C.V: It is true, in Italy the general condition of attention for contemporary art are not good, even though during the last few years something has changed positively. When I began to exhibit in the end of the Eighties the void and the indifference were making the situation heavier than now. The presence of the old masters was more tangible, the few museums seemed impregnable fortresses and the public institutions were completely soaked in a self-conservative management. Since some years ago I teach at the Academy and I entertain a very positive relationship with colleagues and students. Obviously I do not consider myself a “master”, it would be hilarious to me.

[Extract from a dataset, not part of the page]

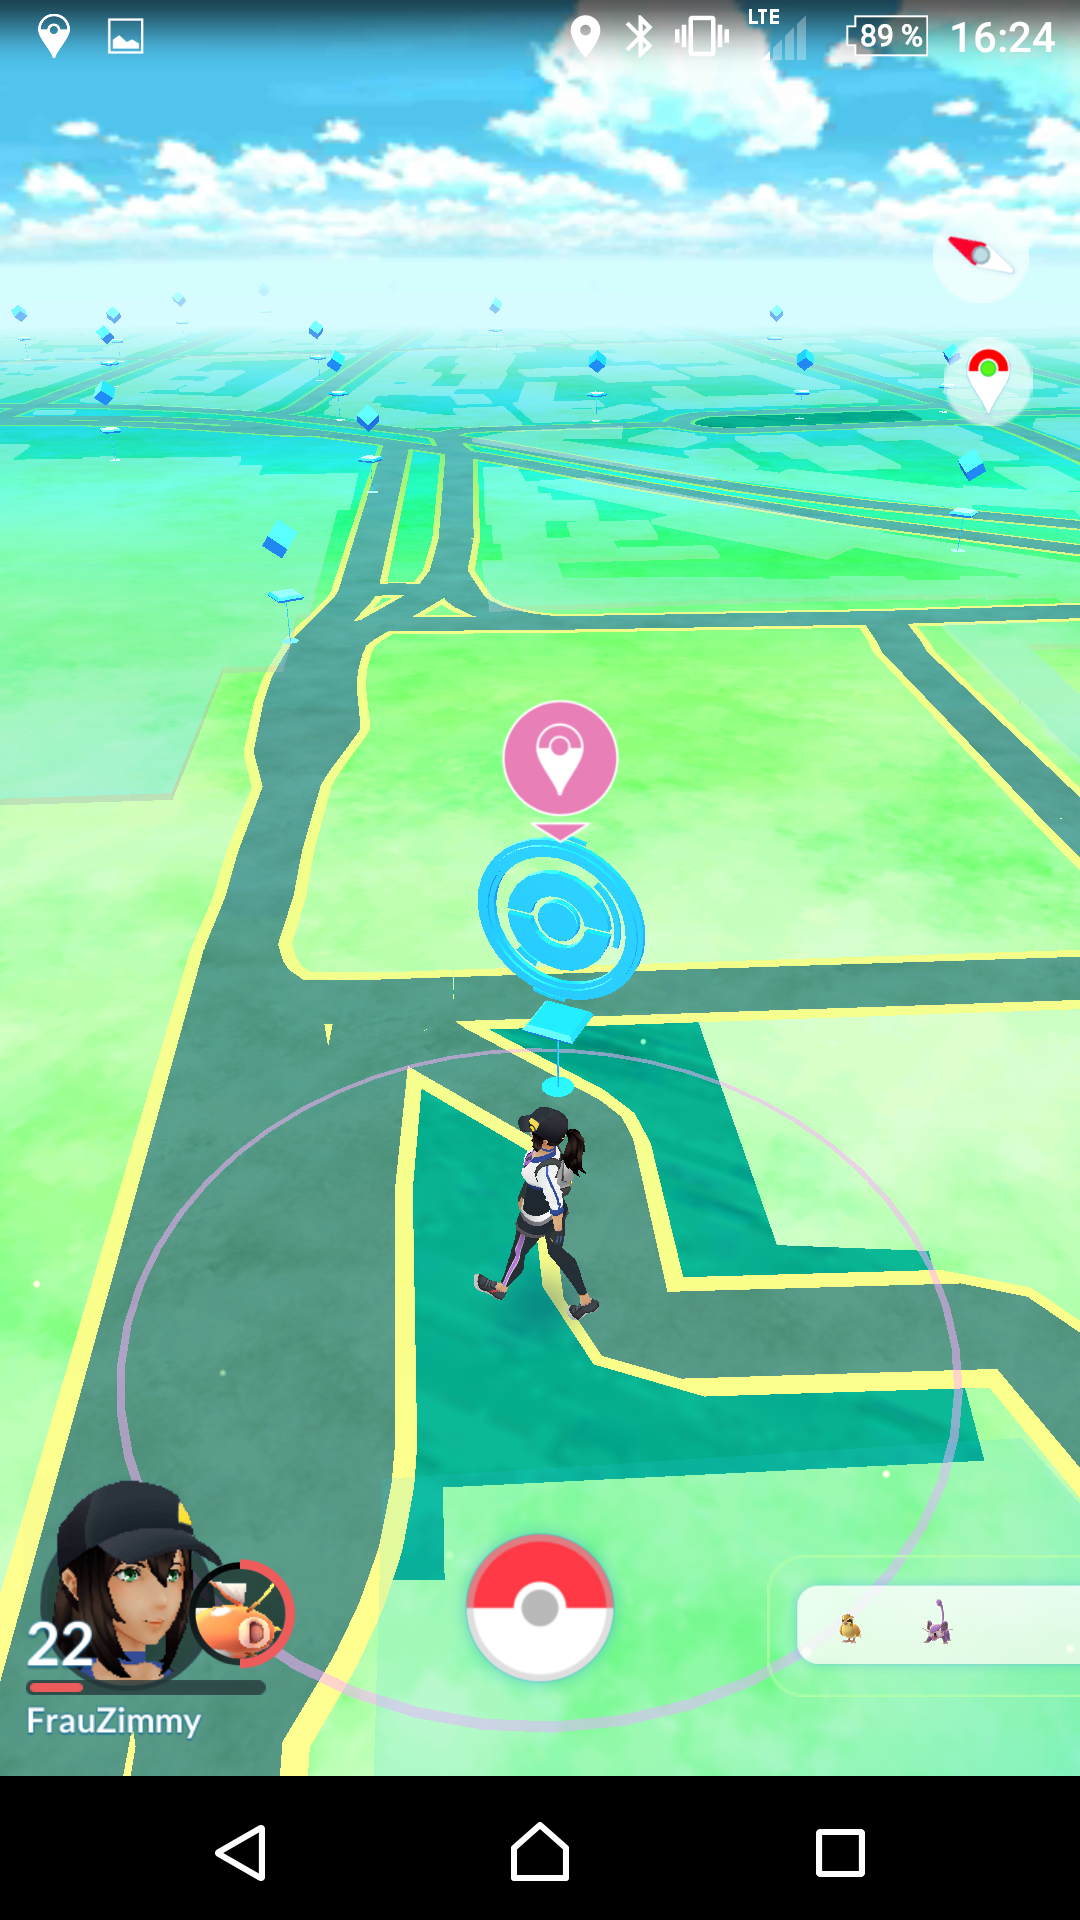 Pokémon GO Plus registriert einen Pokéstop

I try to stimulate as much as most possible the curiosity of my students and the free and dynamic spirit of research, I do not give a priori recipes and I do not mean to set myself as a model (I never speak of my artistic practice and I hate narcissism). It is very interesting, whenever you feel that you have contributed to give birth to questions and to open a door or a small opening. That is the point when you too learn something from them and discover the beauty of finding yourself among active subjects. Culture and teaching are phenomena of life with strong roots in the experience and in the emotional and intellectual quality of experience. I believe that this is the more important aspect of the relationship of transmission of the knowledge.

P: We remember a work by Boetti of the late Eighties, drawings obtained simply by tracing the covers of news magazine from a certain and limited period of time. Panorama, L’Espresso, L’Europeo. Pencil on white paper. Do you know this work? Is there any connection with your diary?

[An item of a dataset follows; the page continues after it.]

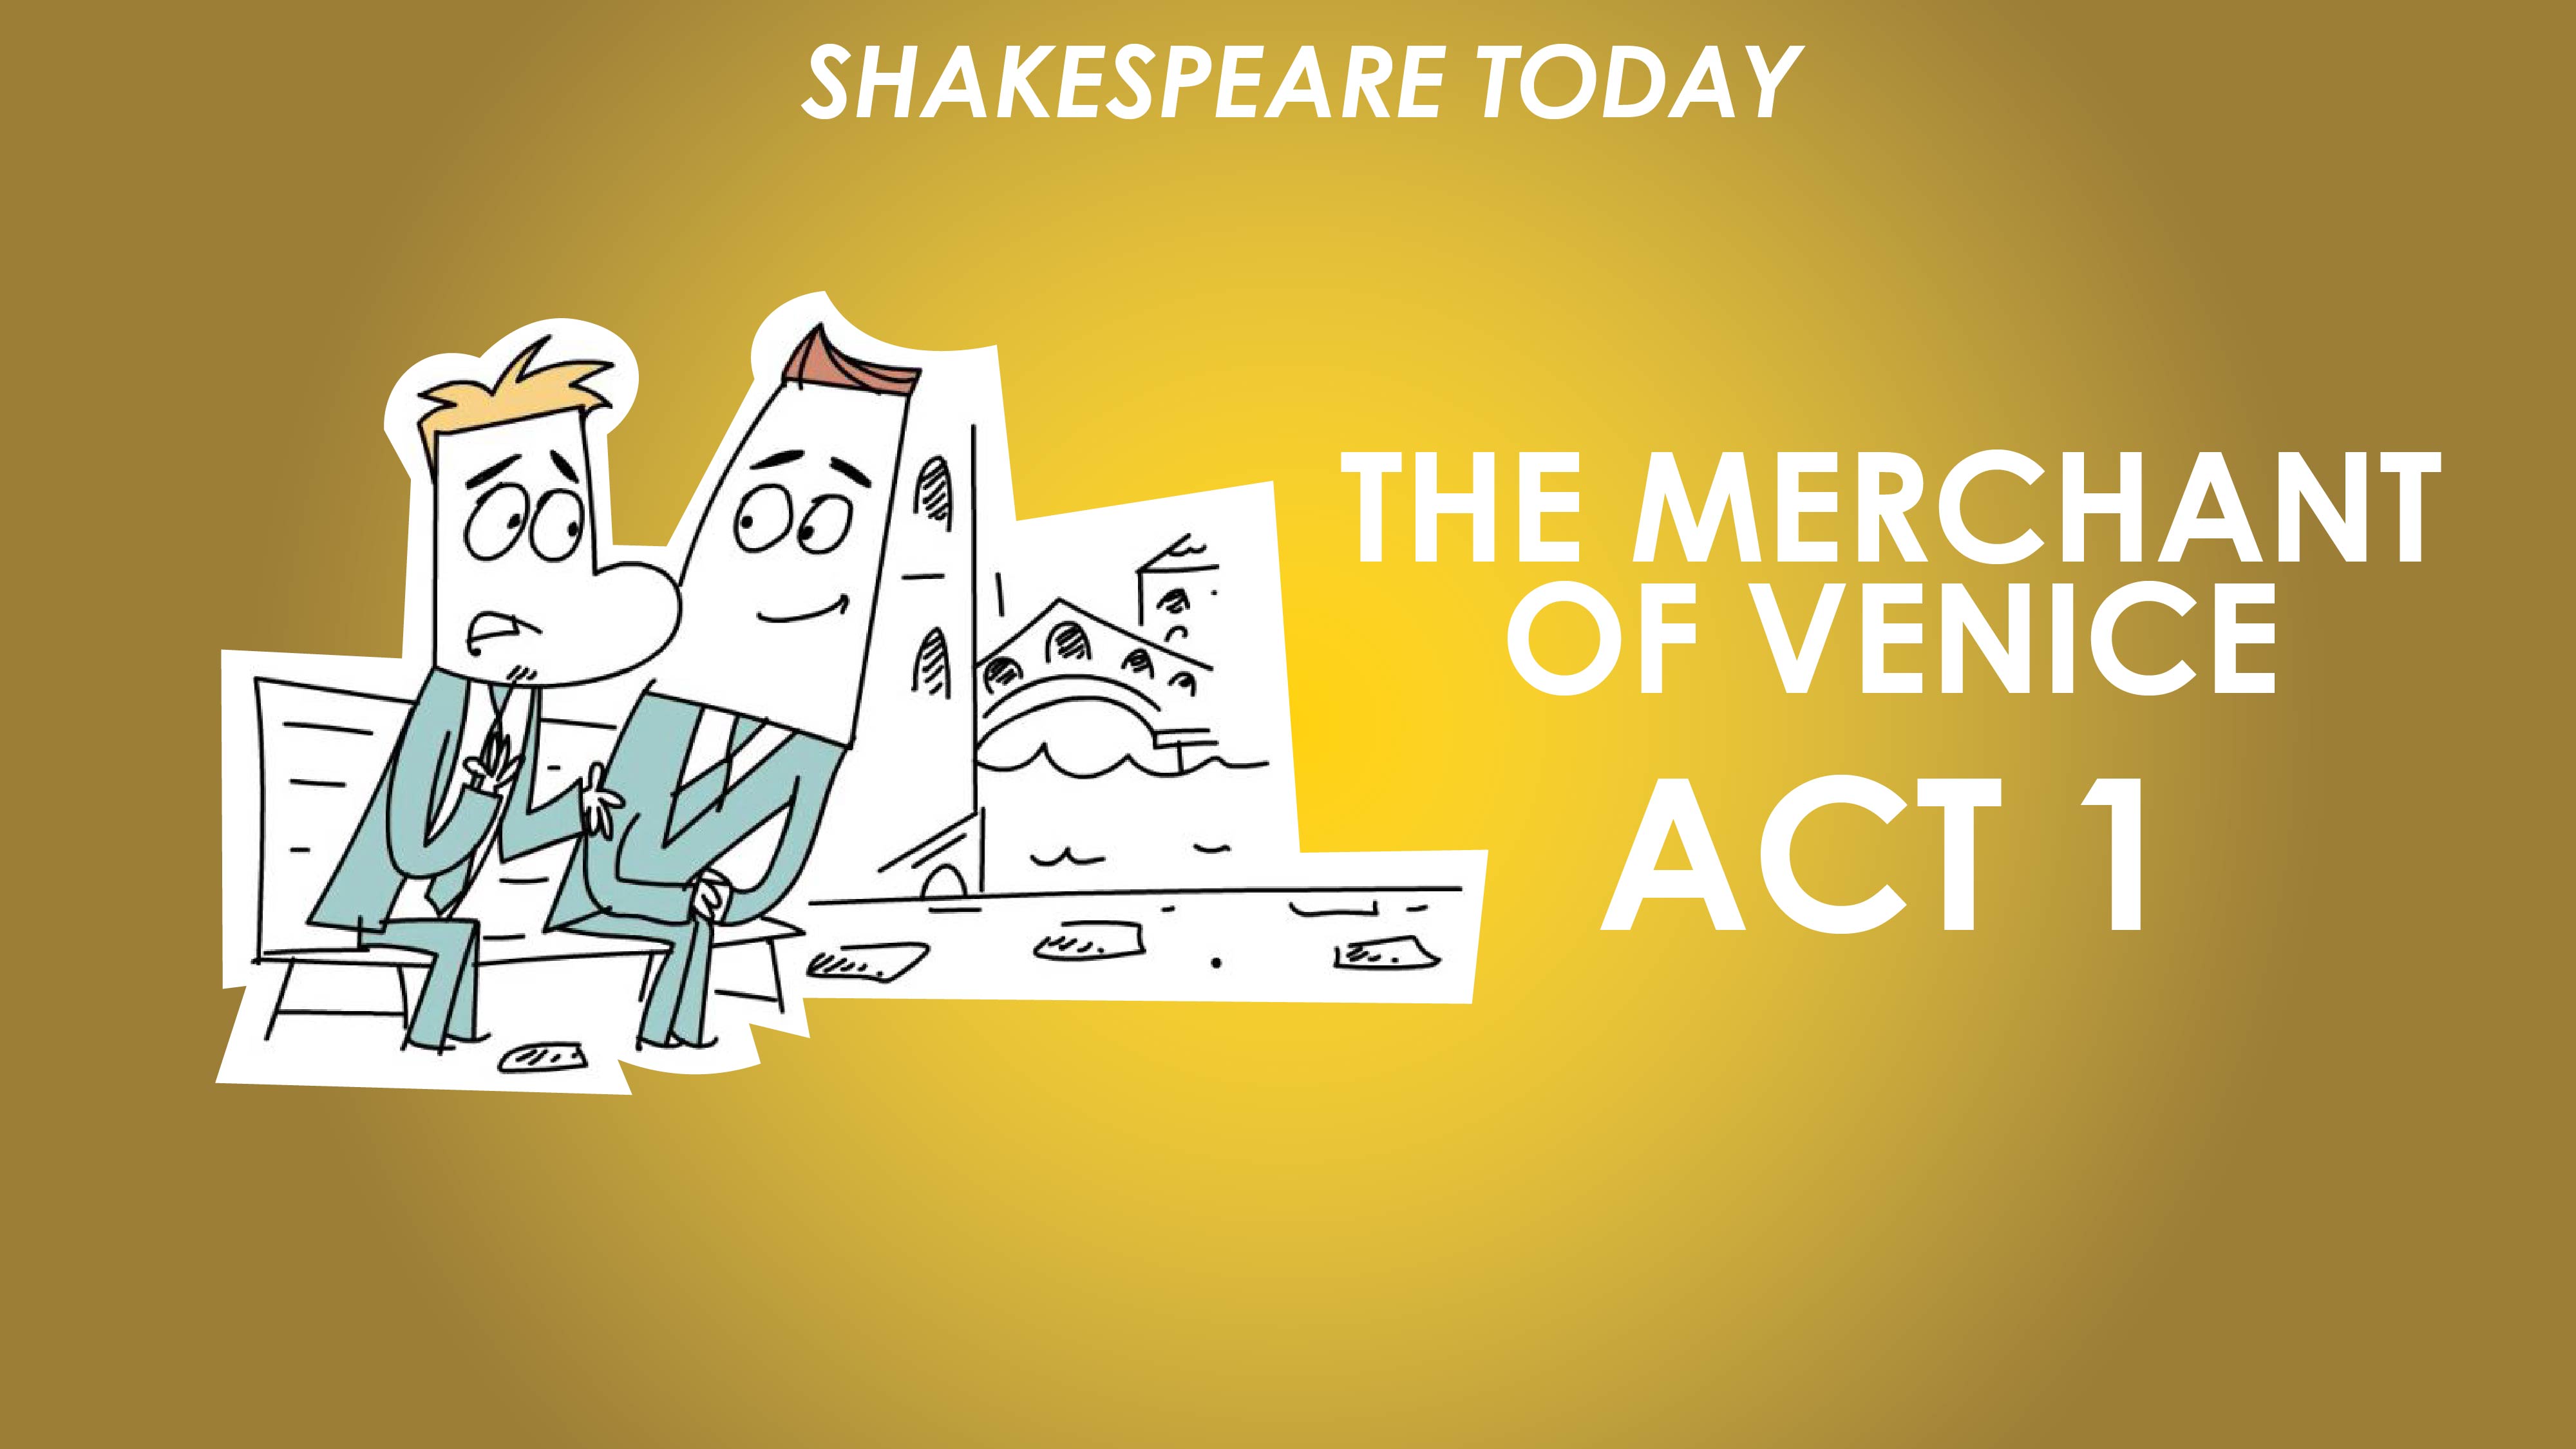 The Merchant of Venice Act 1 Summary - Shakespeare Today Series

C.V: I know and appreciate Boetti’s work and I consider him one of the most interesting Italian artists of the second half of the 20th century. Some years ago, I carried out a photographic work that was an explicit homage to his “Gemelli” of 1968 too. In this case though, my work (“Diario contemporaneo”) is barely connected to his. I would rather speak about a family resemblance (to say it after Wittgenstein), meaning that eventually any art work recalls always at least another one, and this is a beautiful thing that happens. “Diario contemporaneo” though, is not a work on objective tracing of the covers of popular magazines of a clearly limited period (Boetti chose October 1983), but it is a selected and partial editing that generates a shift, sometimes very clear too, dividing the photographs from their reading. The process is not based on the mechanism of serial objective recording, but on the spoiled and conflicted reassembling of images and verbal language added. It is a subjective process of recontextualisation, maybe closer to the situationist attitude, always speaking about evocative sense of another family resemblance. I meant to manipulate images that are in front of our eyes every day, just because, having them every day in front of our eyes, we tend to not see them as a problem anymore.